Sushruta, also known as the ‘father of surgery’ has detailed various techniques and procedures in his compendium called Sushruta Samhita. In this, he also focused on nasal reconstruction.

Susruta Samhita
Photo Source: Wikimedia Commons

His method involved cutting a flap of skin from the cheek to cover the mutilated area. He then inserted two reeds or tubes, to ensure the nostrils didn’t heal closed, rubbed the new nose with an abrasive powder, and dressed it in a clean cloth, which irritated it and caused it to start healing.

Gaspare Tagliacozzi, one of the first ever-plastic surgeons in the Western world, improved on this method with what is now referred to as the Italian Method.

Gaspare’s process involved carefully slicing a flap of skin from the patient’s bicep area, without completely removing it so that the cells would not decay.

This flap would then be held and attached to the patient’s nose area, where it was grafted onto the face.

Reconstruction procedure
Photo Source: Wikimedia Commons

The patient would then have to remain in this position for several weeks until the skin from the arm fully attached to the face. The skin was then detached and reshaped to resemble a nose.

While this procedure was extremely uncomfortable and impractical – immobilising the patient for a significant period – it worked!

Komal was admitted to the hospital on August 29. The procedure carried out by Dr Nitin is done in four stages and takes three months. On August 31, the first stage of surgery started by preparing the pedicle tube from her left arm. This process itself takes around a month.
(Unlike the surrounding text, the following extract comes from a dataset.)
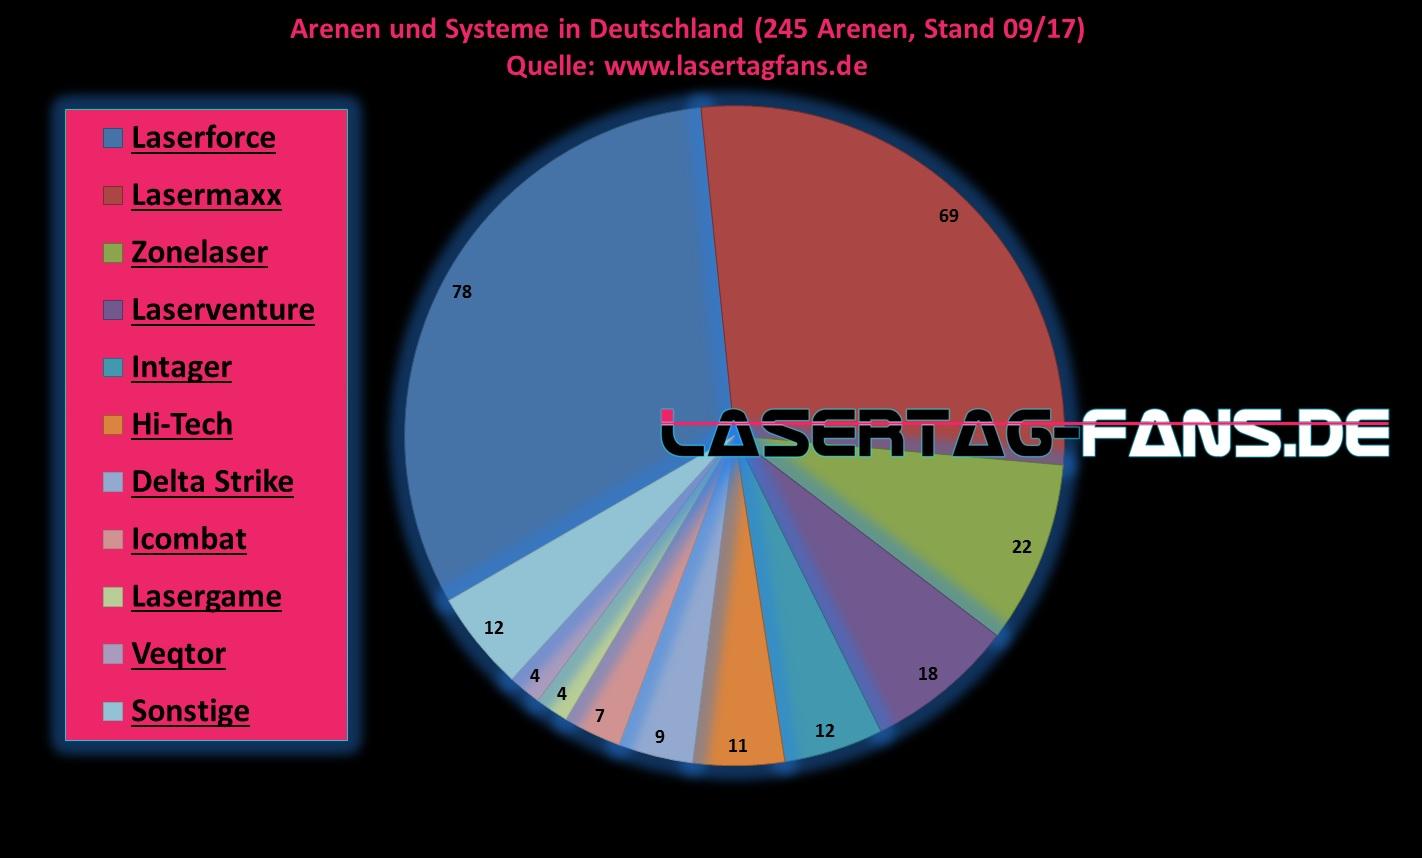 Statistik Lasertagfans Arenen September 2017

In the second stage of the procedure, a part of her rib bone was grafted on her nose, and the arm flap was attached to the nose tissue. Once this was done, the pedicle was severed, and Dr Nitin was finally able to bring her arm down. The next step involves shaping the skin on the nose to resemble a nose.

Dr Vinay Jacob, a senior plastic surgeon at Bombay Hospital who is also attached to GT hospital, told Mirror, “So far in my career, I have never seen someone use the Italian method of rhinoplasty. I remember reading this method in textbooks of plastic surgery but seeing it in practice is fascinating. It’s like reviving history,” as reported in Mumbai Mirror.